Although Johnson was originally slated to be part of the lawsuit filed by Twin Cities Pride against the Park Board, the judge in the case later removed him, relying on the Park Board to adequately represent his interests. While Johnson was active in that suit, the Park Board argued that keeping people from distributing Bibles in the park would be unconstitutional, recalled Jonathan Scruggs, another ADF attorney in the case. But once Johnson was no longer part of the suit, the board struck the “compromise” deal with the homosexual group.
“Clearly, Brian’s interests were not adequately represented at all,” said Scruggs of the backroom deal. “So our client has no choice but to file his own suit to stop this obviously flagrant violation of the First Amendment.”
Dot Belstler, executive director of Twin Cities Pride, told the Star Tribune that while Johnson doesn’t “accost” attendees at the festival, he does make them feel uncomfortable in referring to the behavior they are celebrating as sin. “He’s a very open, likable gentleman,” Belstler conceded. “He would talk to people and kind of engage them in conversation and then would go into, that they’re going to hell, they’re an abomination. That’s really kind of the exact opposite of our message of pride in being OK with who you are.”
Belstler added that several Christian organizations participate in the festival, “but they are open and welcome to the GLBT community. He’s not. He doesn’t fit.”
Nonetheless, ADF argues that the city and the event organizers have overstepped their boundaries. “The Park Board has essentially put a large cast, or a large prohibition, on free speech in a public park,” said Scruggs. He added that “in this situation we’re not talking about protests. We’re not talking about loud noise. We’re talking about literature distribution. You can’t exile free speech to certain areas if that free speech doesn’t cause any problems.”
Johnson’s lawsuit contends that the compromise zone “is placed away from all of the routes and pathways entering Loring Park…. A booth outside of the Pride Fest event did not allow Johnson to reach his intended audience (those attending Pride Fest) with his message via Bibles.”
Joel Nichols, a professor at University of St. Thomas School of Law, located just blocks from the pride festival, said Johnson’s suit has merit, explaining that while the city can impose reasonable restrictions on the time, place, and manner of public speech, the restrictions cannot result in blocking the message from the speaker’s intended audience. Nichols told the Star Tribune that if Johnson’s activities aren’t disruptive, “he’s clearly allowed to be there.”
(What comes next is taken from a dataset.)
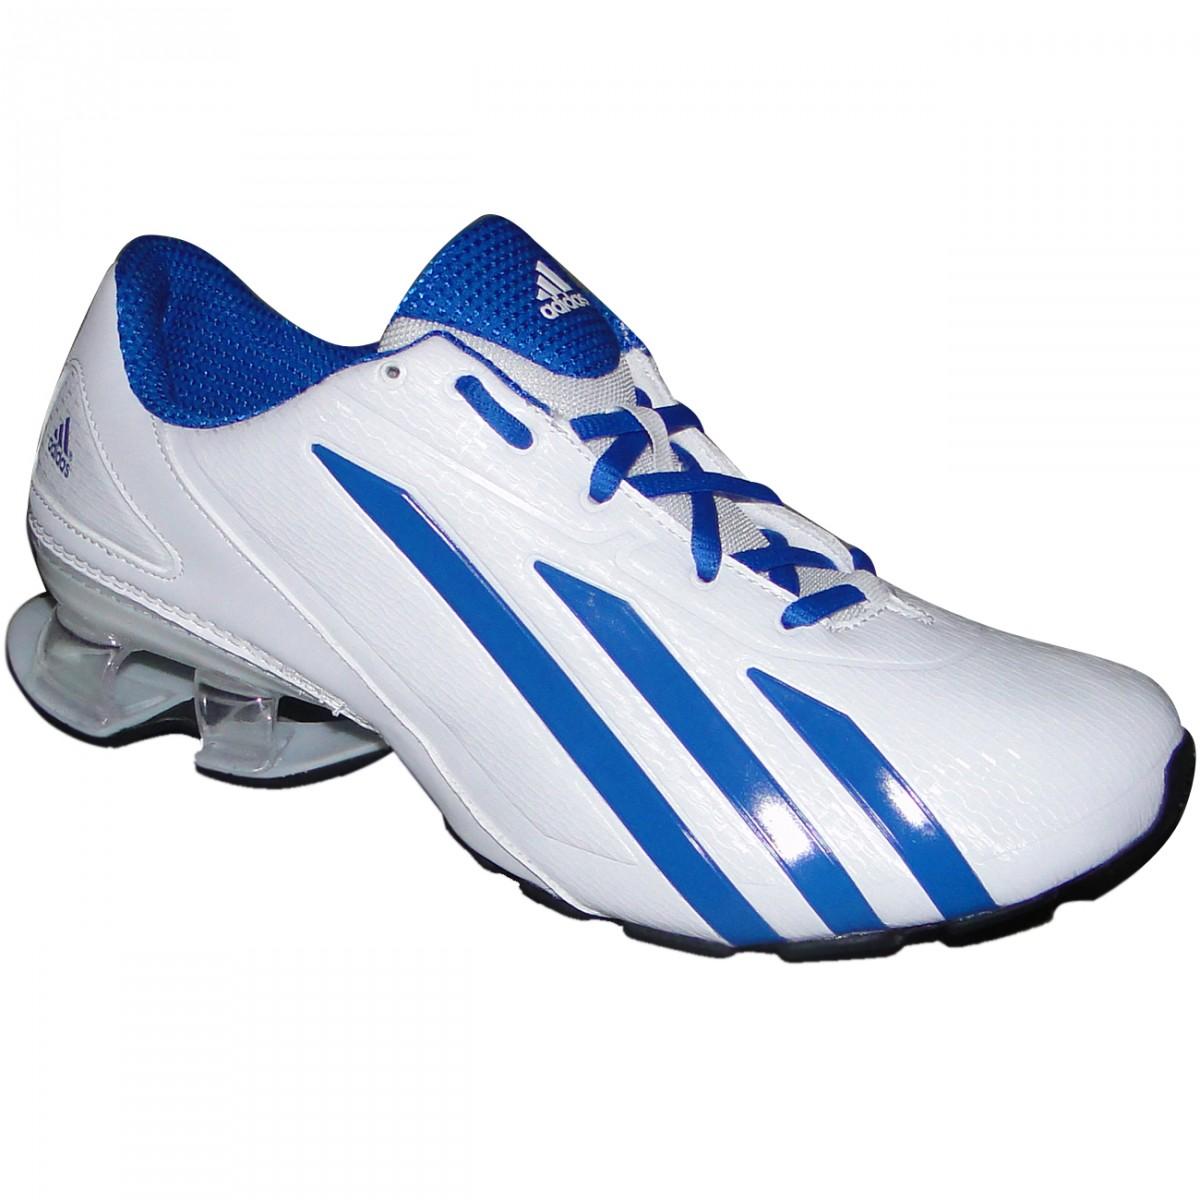 Tenis Adidas Meteor M Q23709 - Branco Azul - Chuteira Nike 9cbda62cc6975
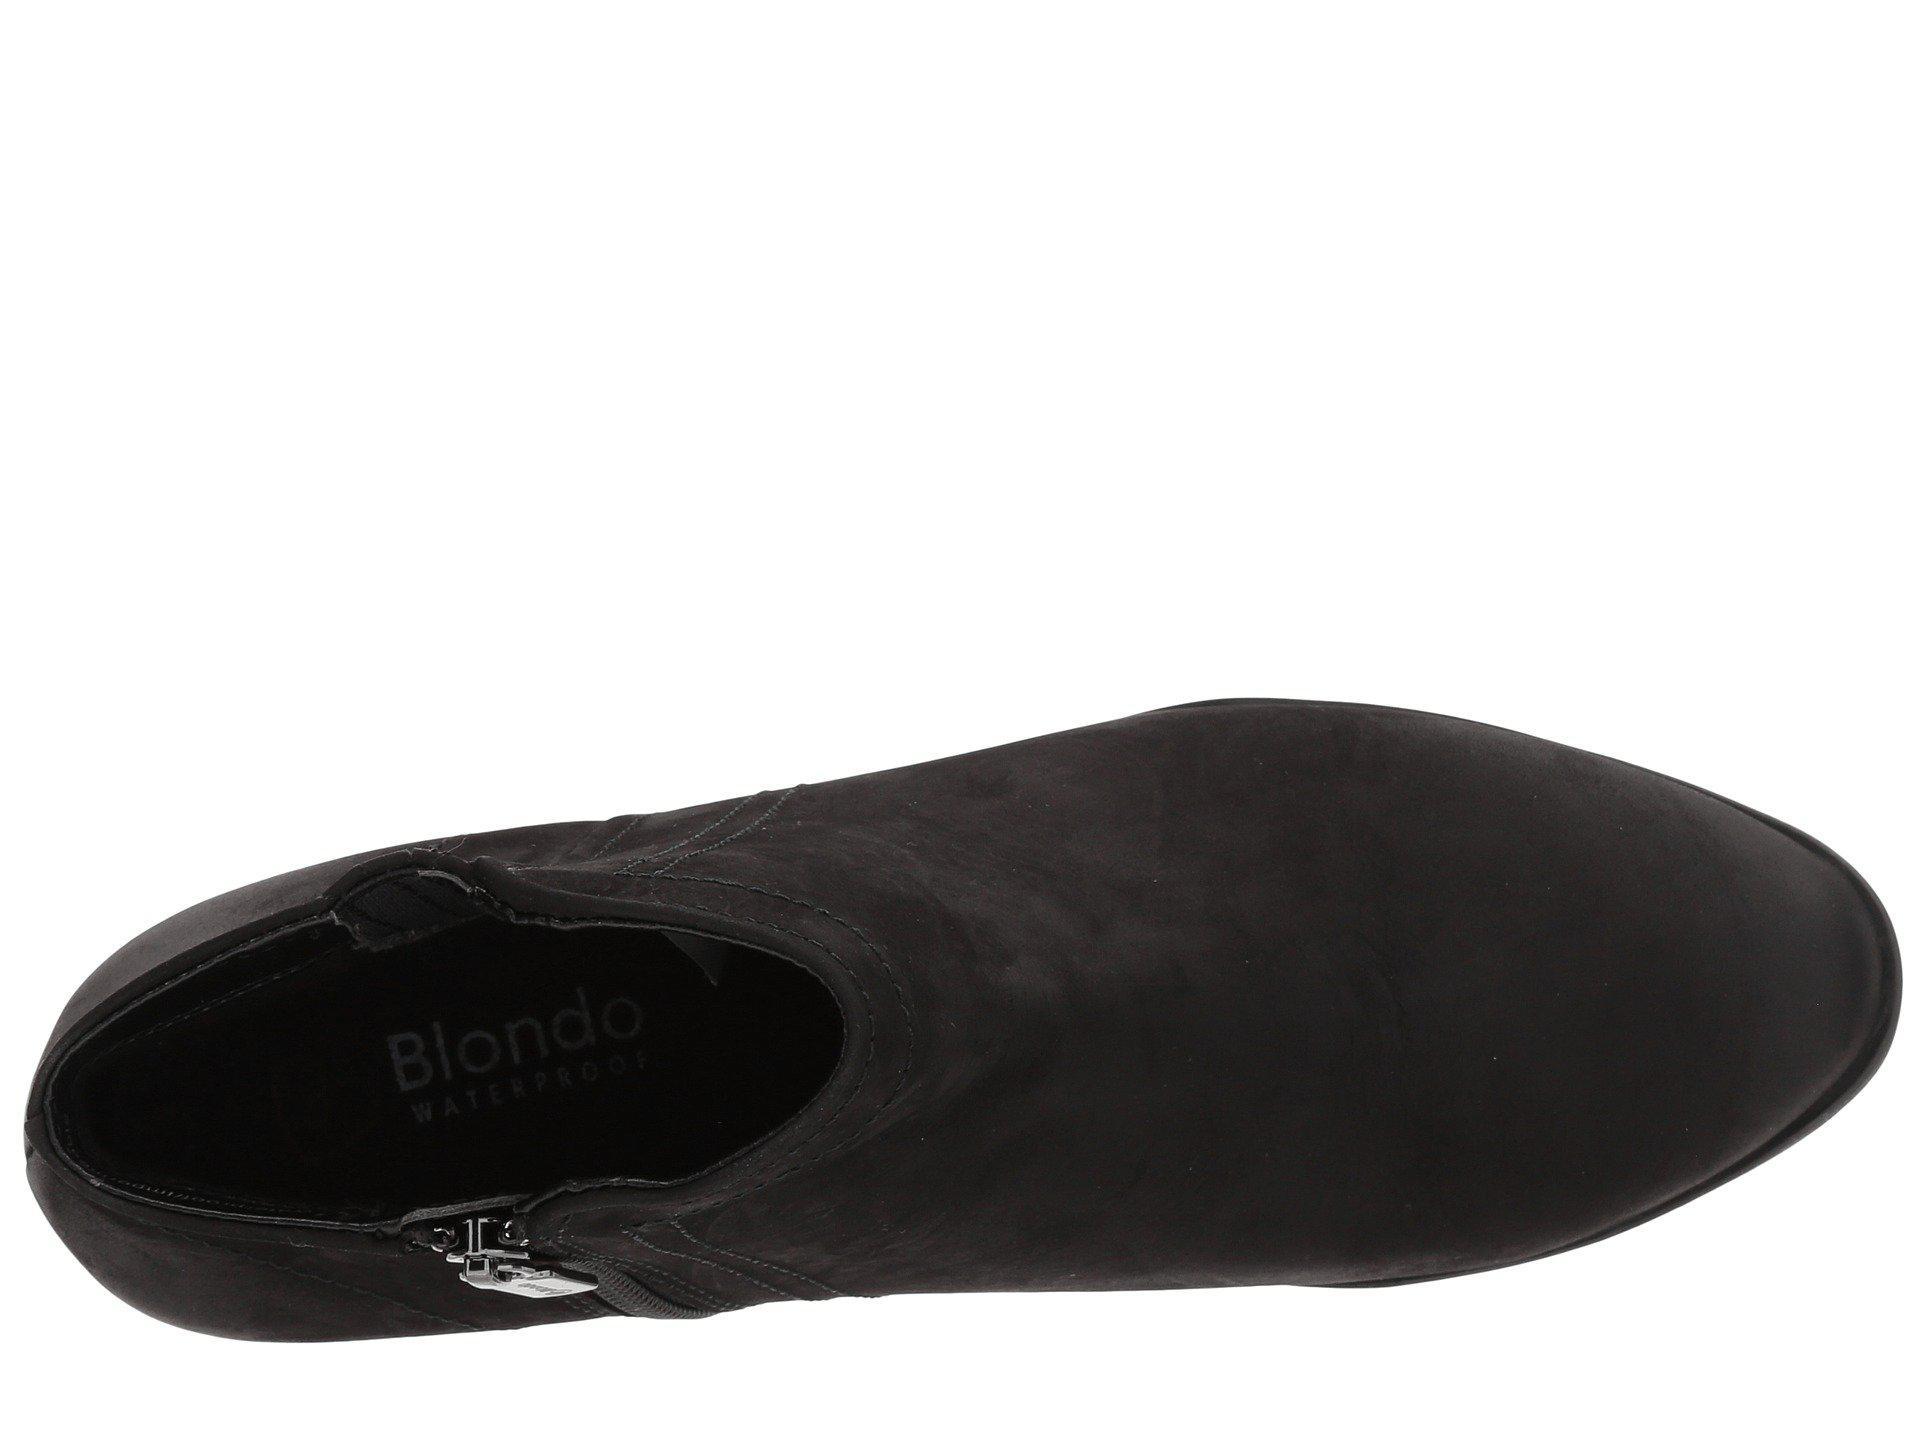 87580228cc28 Blondo - Black Valli Waterproof Bootie (mushroom Nubuck) Women s Boots -  Lyst. View fullscreen

According to the paper, “Nichols said if [his booth is] tucked into a corner, then Johnson has ‘a pretty good claim’ that he’s not being treated equally. And if the Park Board has a policy allowing free speech but makes an exception for this event, Nichols said, ‘then he really is being discriminated against.’”
The ADF-filed suit argues that Johnson’s Bible distribution and dialogue with festival participants has not caused any obstructions. “He never draws a crowd, preferring to deal with individuals one on one,” the suit insists. It adds that “Johnson has always made a conscious effort to avoid any discussion about the propriety of homosexuality. He does not go there to condemn anyone. He focuses on the reality that all people sin — whether involved in homosexual behavior or not — and thus all need Jesus.”